▶ [Provided material]:
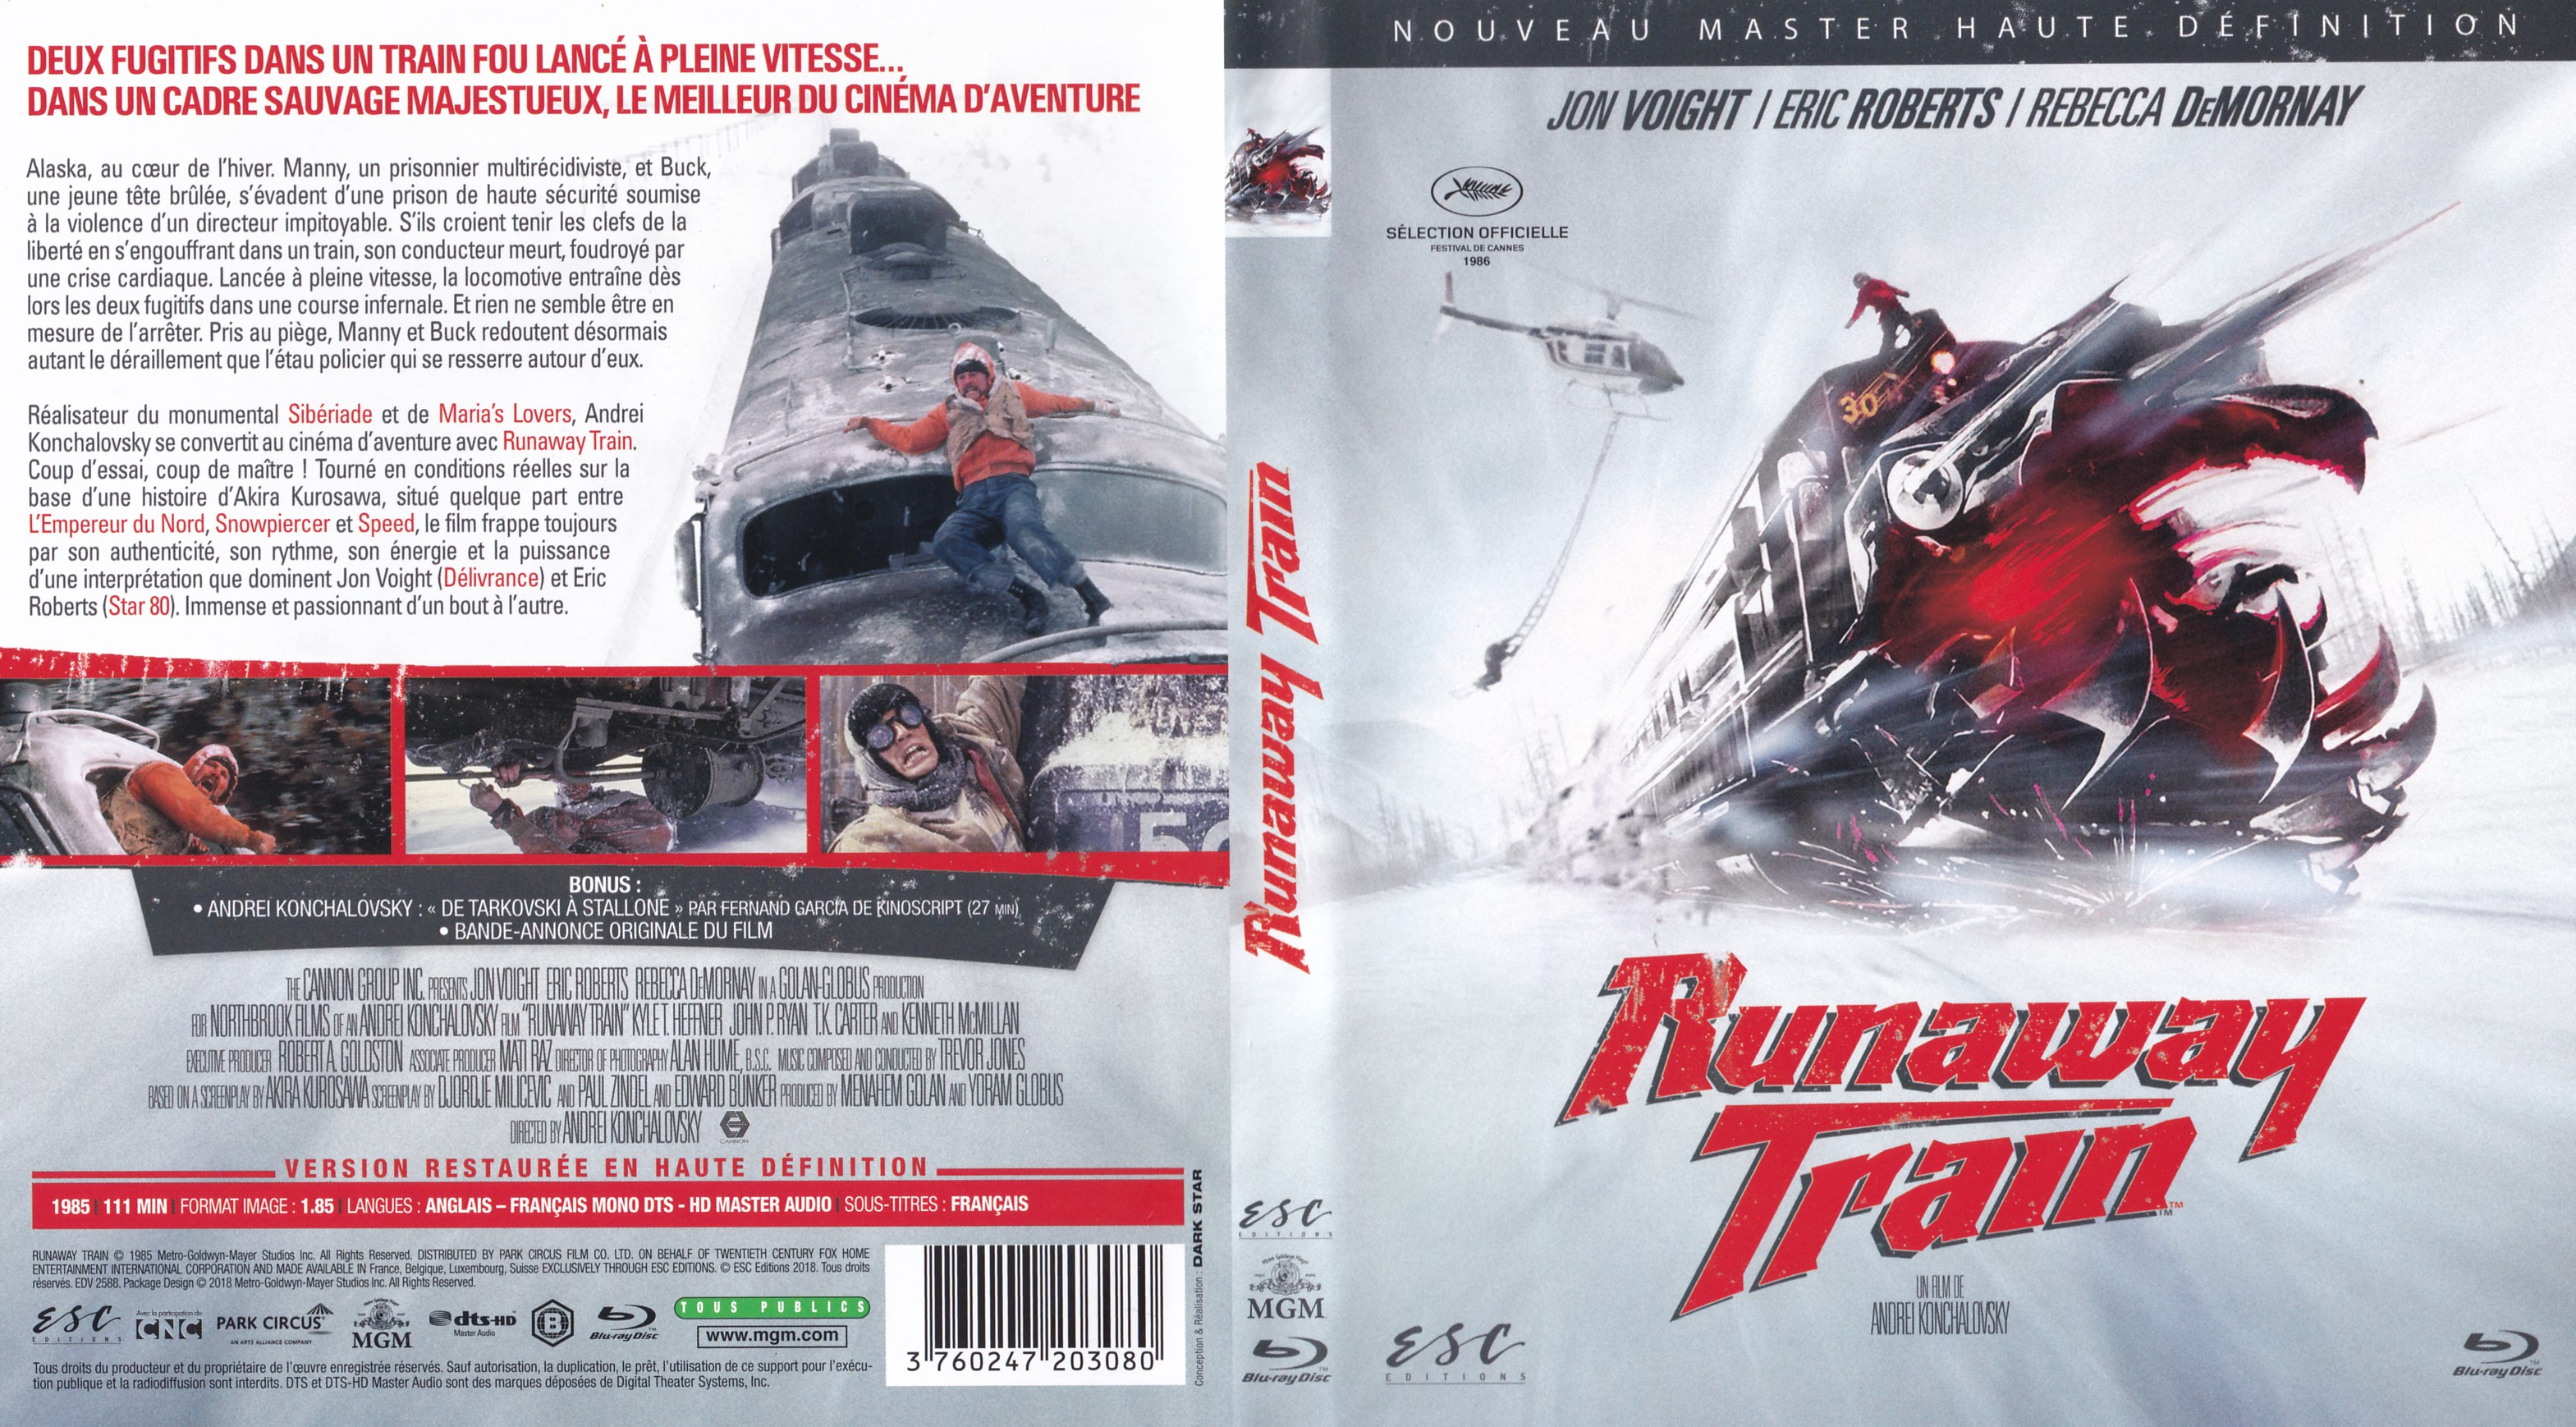 Jaquette DVD Runaway train (BLU-RAY)
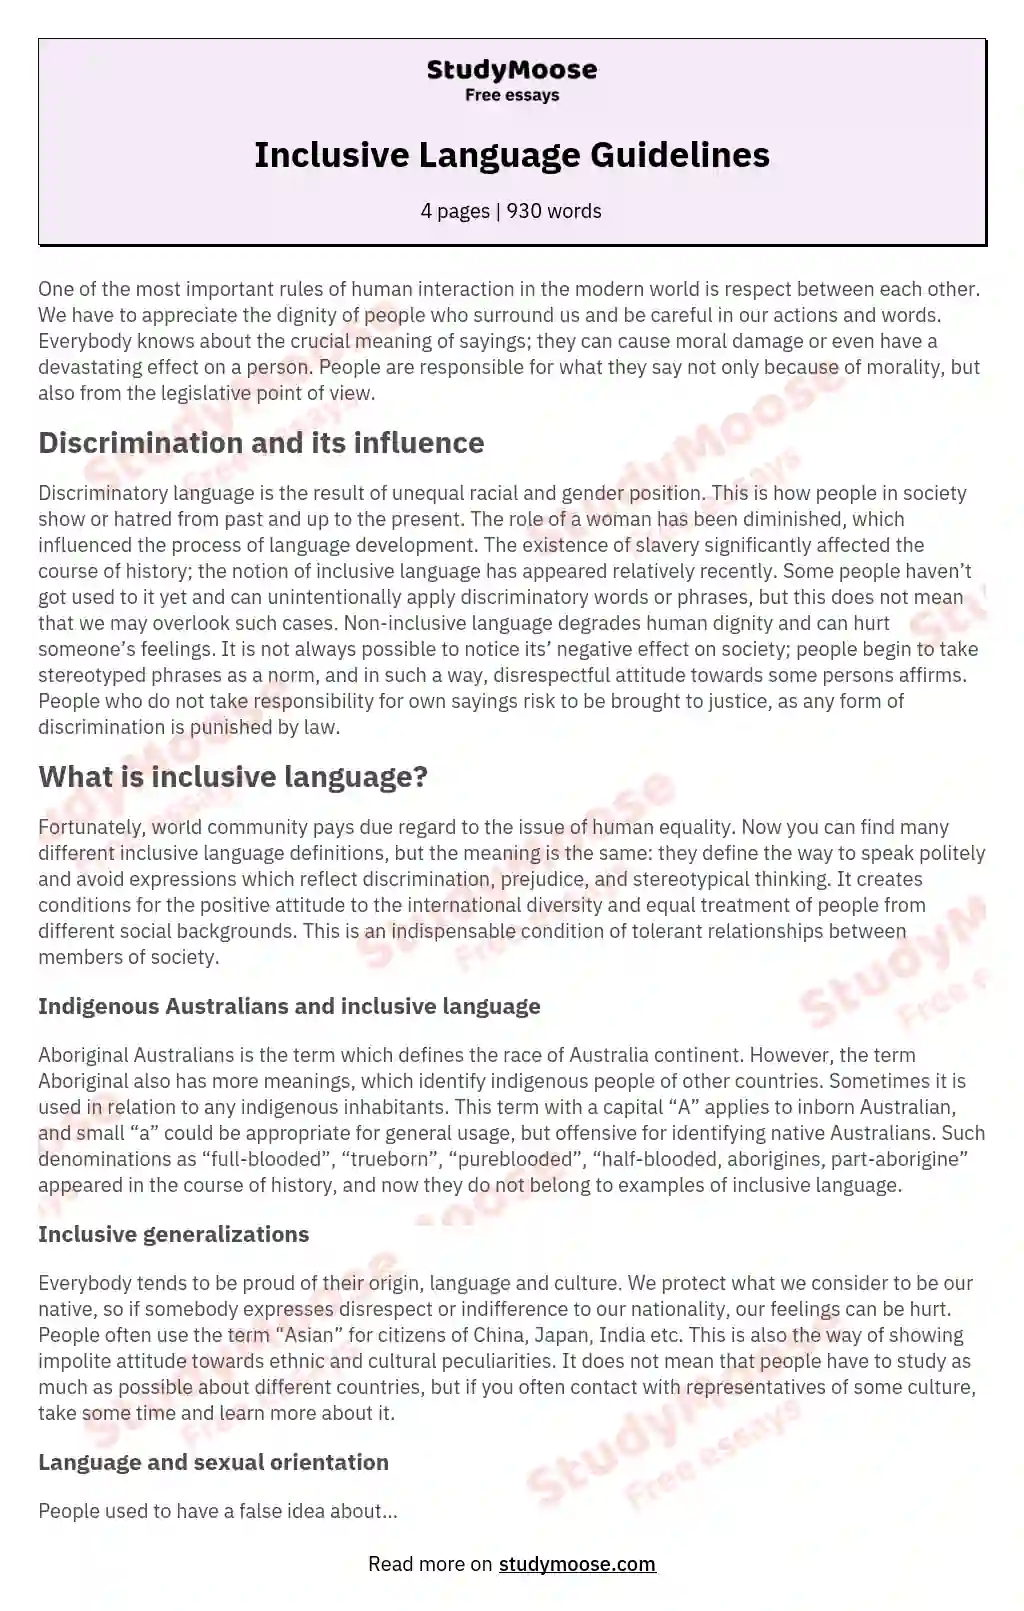 Inclusive Language Guidelines essay
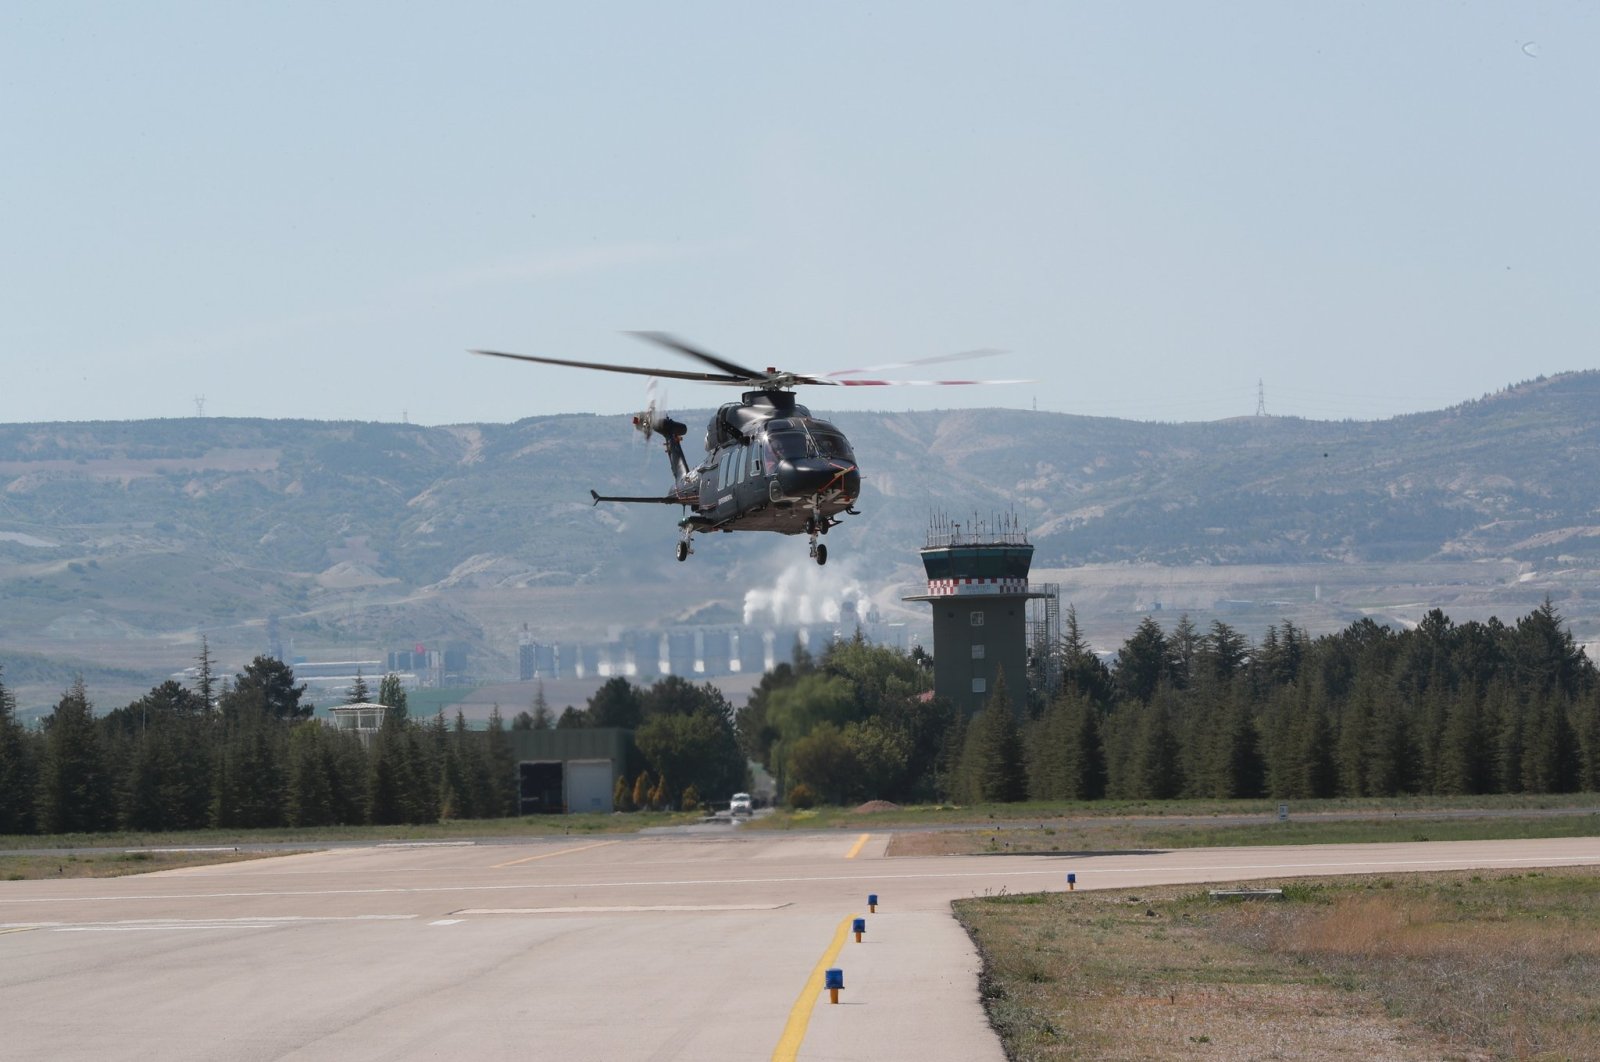 Turki berhasil menguji ke-4 helikopter multiperannya Gökbey

▶ [Task brief]: Restate word for word the lines above that start at the line containing "Inclusive Language Guidelines essay" and run to the end of the listing; exclude the pictures.

▶ [Exercise response]:
 Inclusive Language Guidelines essay
 Turki berhasil menguji ke-4 helikopter multiperannya Gökbey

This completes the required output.